LLM Output Sentiment Analyzer

Score the sentiment and tone of LLM-generated text entirely in your browser.

Run client-side sentiment analysis on LLM output using a bundled AFINN-style lexicon. Get a positive, negative, and net score, an overall label, and the top words pushing the tone each way — no API key and no upload. It runs free in your browser on Gera Tools, with nothing uploaded.

Last updated Source: Gera Tools

How accurate is lexicon-based sentiment?

It is a fast heuristic, not a trained classifier. It works well on direct, opinionated text but misses sarcasm, negation nuance, and domain-specific tone. Treat it as a quick gauge, not ground truth.

LLM output sentiment analyzer

Generated copy can drift more positive, negative, or flat than you intended. This tool scores the sentiment of LLM output against a bundled AFINN-style lexicon, all in the browser, and shows which words are pushing the tone each way — a fast way to sanity-check the emotional register of a response before you use it.

When tone checking matters

LLMs are not neutral tone generators. Their default register depends on the instruction, the model, and subtle statistical properties of the training data. Common drift patterns:

  • Customer-facing copy is overly positive. Models default toward upbeat, enthusiastic language even when the brief called for measured, balanced copy. High net positive scores on a product description are often a sign of hollow superlatives worth editing.
  • Rejection or refusal emails read as neutral but feel cold. Negative-leaning words are absent, but so is warmth — the net score near zero can mask an emotionally flat response.
  • Risk or compliance content reads too alarming. Prompts that mention regulatory risk sometimes produce output heavy with negative-valence words even when a balanced treatment was intended.

How it works

The text is tokenised into words, and each word is looked up in an AFINN-style lexicon that assigns integer valence scores from −5 (very negative) to +5 (very positive). A simple negation rule flips a word’s sign when a negator like “not” or “never” precedes it within a few words. Positive and negative scores are summed separately, combined into a net score, and normalised by the count of scored words to give an intensity figure and an overall label.

Reading the scores

The tool shows three numbers: a raw positive sum, a raw negative sum, and a net. An intensity figure normalises the net by the number of scored words so short and long texts are comparable. A rough guide:

  • Net strongly positive (intensity above 0.5): copy is enthusiastic or encouraging — check whether that fits the context.
  • Net near zero: balanced, cautious, or emotionally flat — may lack warmth for supportive contexts.
  • Net negative: alarming or critical — appropriate for warnings, may be excessive for nuanced topics.

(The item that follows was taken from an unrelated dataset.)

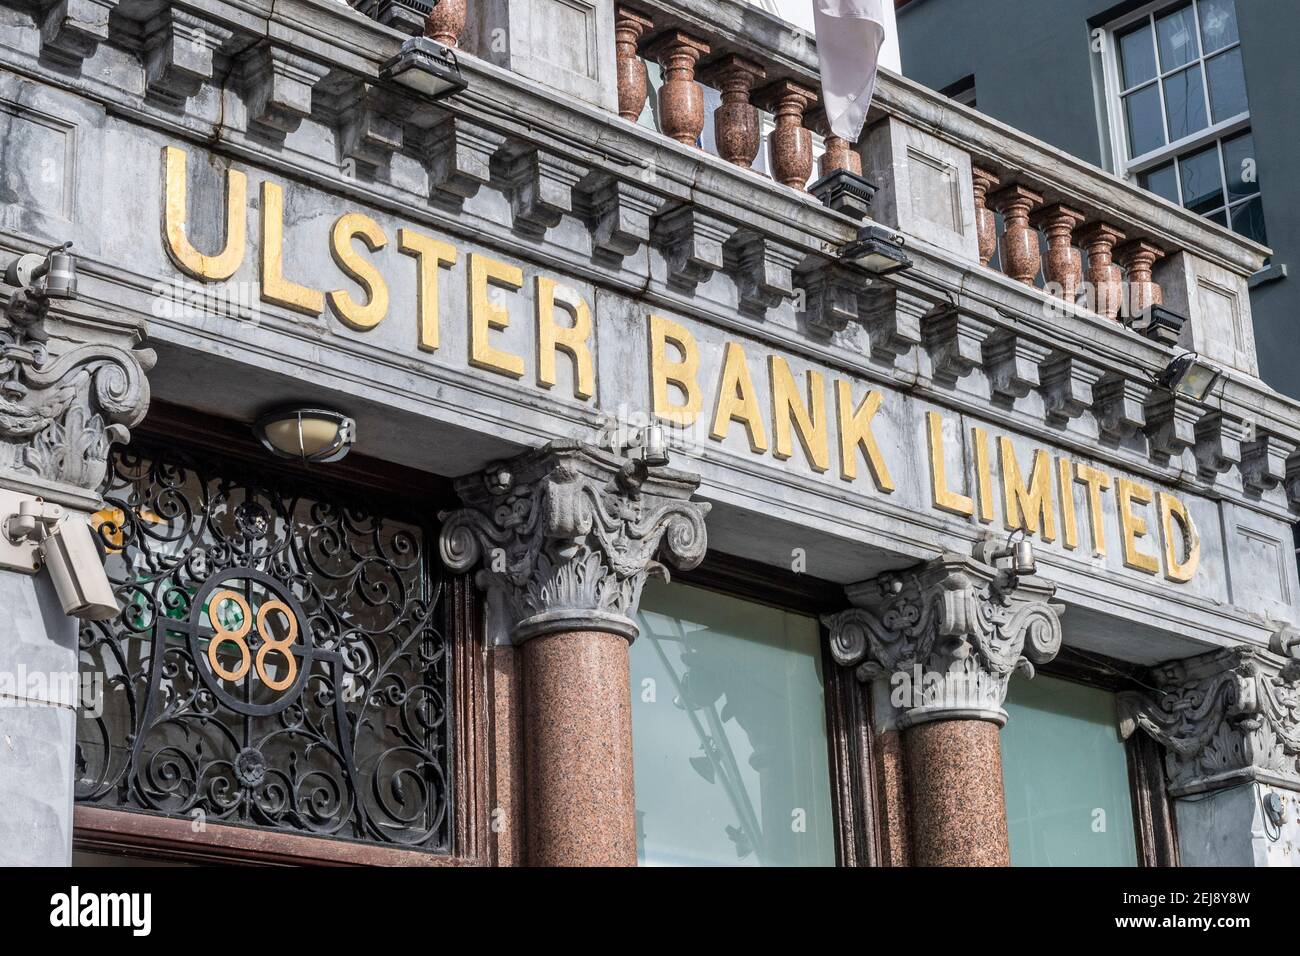 Außenansicht der Ulster Bank Niederlassung in Patrick Street, Cork, Irland. Stockfoto

The word list below the score shows the top contributors in each direction — the most informative part of the output, since a single high-valence word can swing a short passage.

Tips and notes

  • Use enough text. A few words give noisy results; a paragraph or more produces a steadier reading.
  • Sarcasm and irony fool it. Lexicon methods read “oh great, another bug” as positive — verify edge cases by eye.
  • Domain matters. Words neutral in one field can be loaded in another; treat the score as relative across your own outputs rather than absolute.
  • Compare versions. Running the same prompt’s outputs through the analyzer is a cheap way to see whether a prompt edit shifted the tone.